Dutch---Man you're buying 
 Yel---Back atcha!!!


----------



## dutchman (Feb 6, 2005)

*Thanks, Meriwether John*

Went down to visit with John and Jacob yesterday. Toured their lease and hung out for little while. They are great hosts! Thanks again guys.


----------



## meriwether john (Feb 6, 2005)

well at least you got to see about a third. sorry you made the trip that far only to find the roads blocked off. hopefully we'll have 'em cleared soon. It was a pleasure to meet all you guys that came on Sat. Dutch-- Jacob was telling me that you are a turkey hunter not just somebody that goes turkey hunting-- he was impressed I could tell.
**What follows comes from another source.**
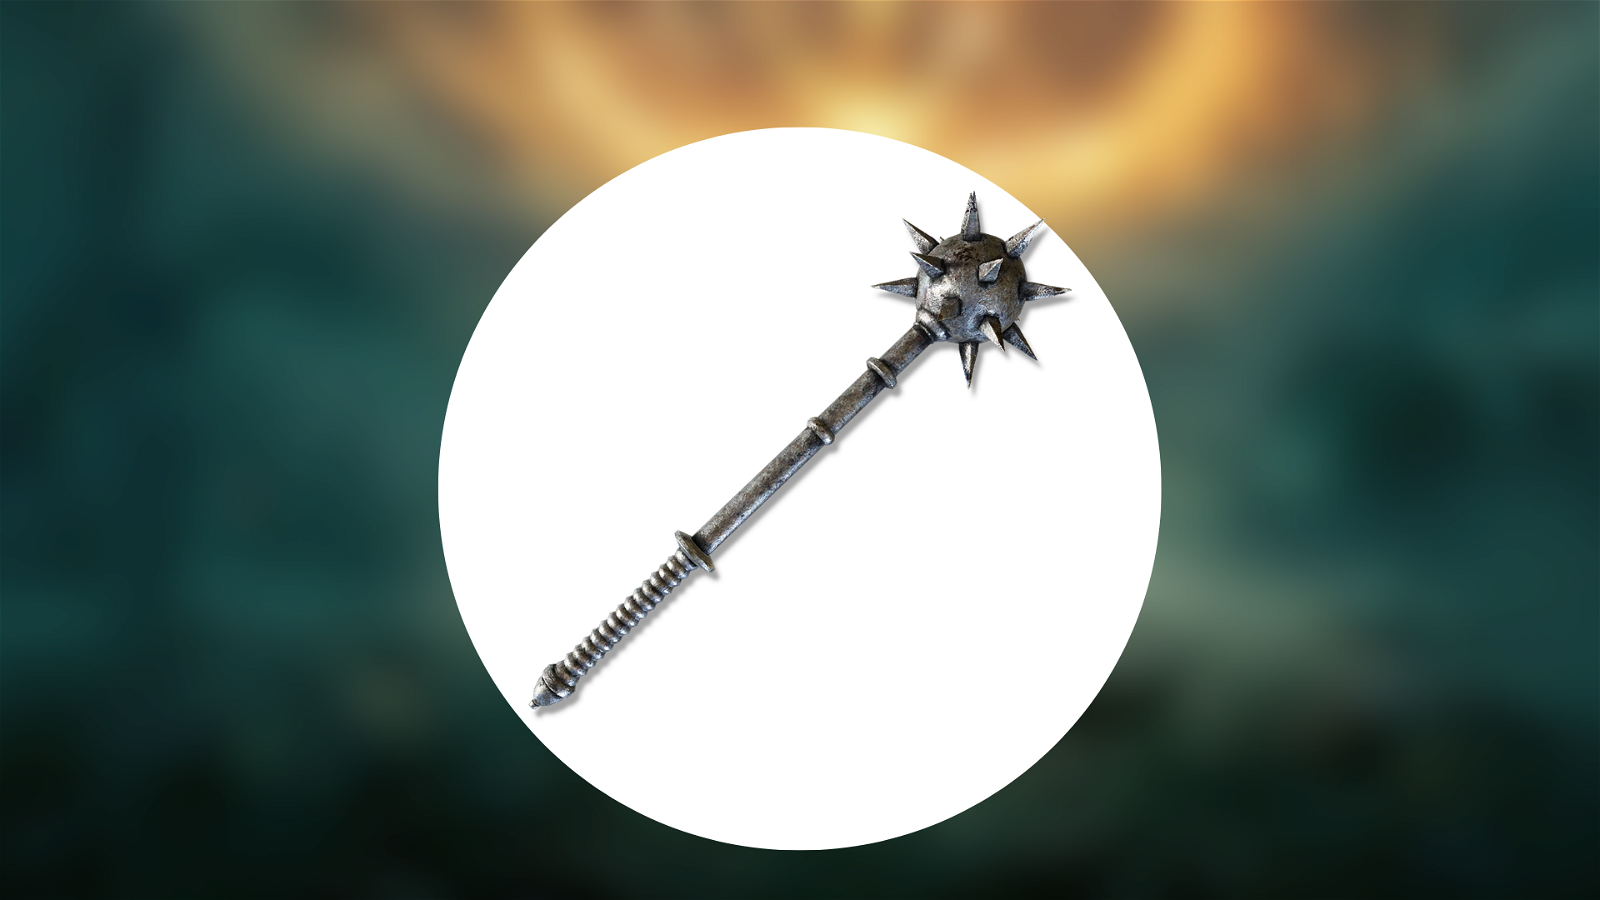 The Morningstar | Weapon in Elden Ring

David and Jeff any help you need just yell and if you want to spend a day scouting myself or any of the crew would be glad to sneak around. sorry the beagles had other work to do. Thanks again to all and hope you enjoy the woods and fellowship this year.


----------



## rance56 (Feb 9, 2005)

*i sent a pm*

sent a pm


----------



## goosebuster (Feb 10, 2005)

Is there any memberships still available i would be very interested


----------



## meriwether john (Feb 10, 2005)

if all current members re-up I have 4 slots still to fill.


----------



## Da Butcher (Feb 10, 2005)

*Hunting land*

Send me a PM, I'd be interested. I need to talk to a buddy about his lease in Merriweather and get some feedback. May even be the same club. We hunt down there a lot on a small private track as well. Any opportunity for waterfowl?, especially after deer season. I have an 11 year old and we'd be interested in small game. Finally, any hogs. Thanks


----------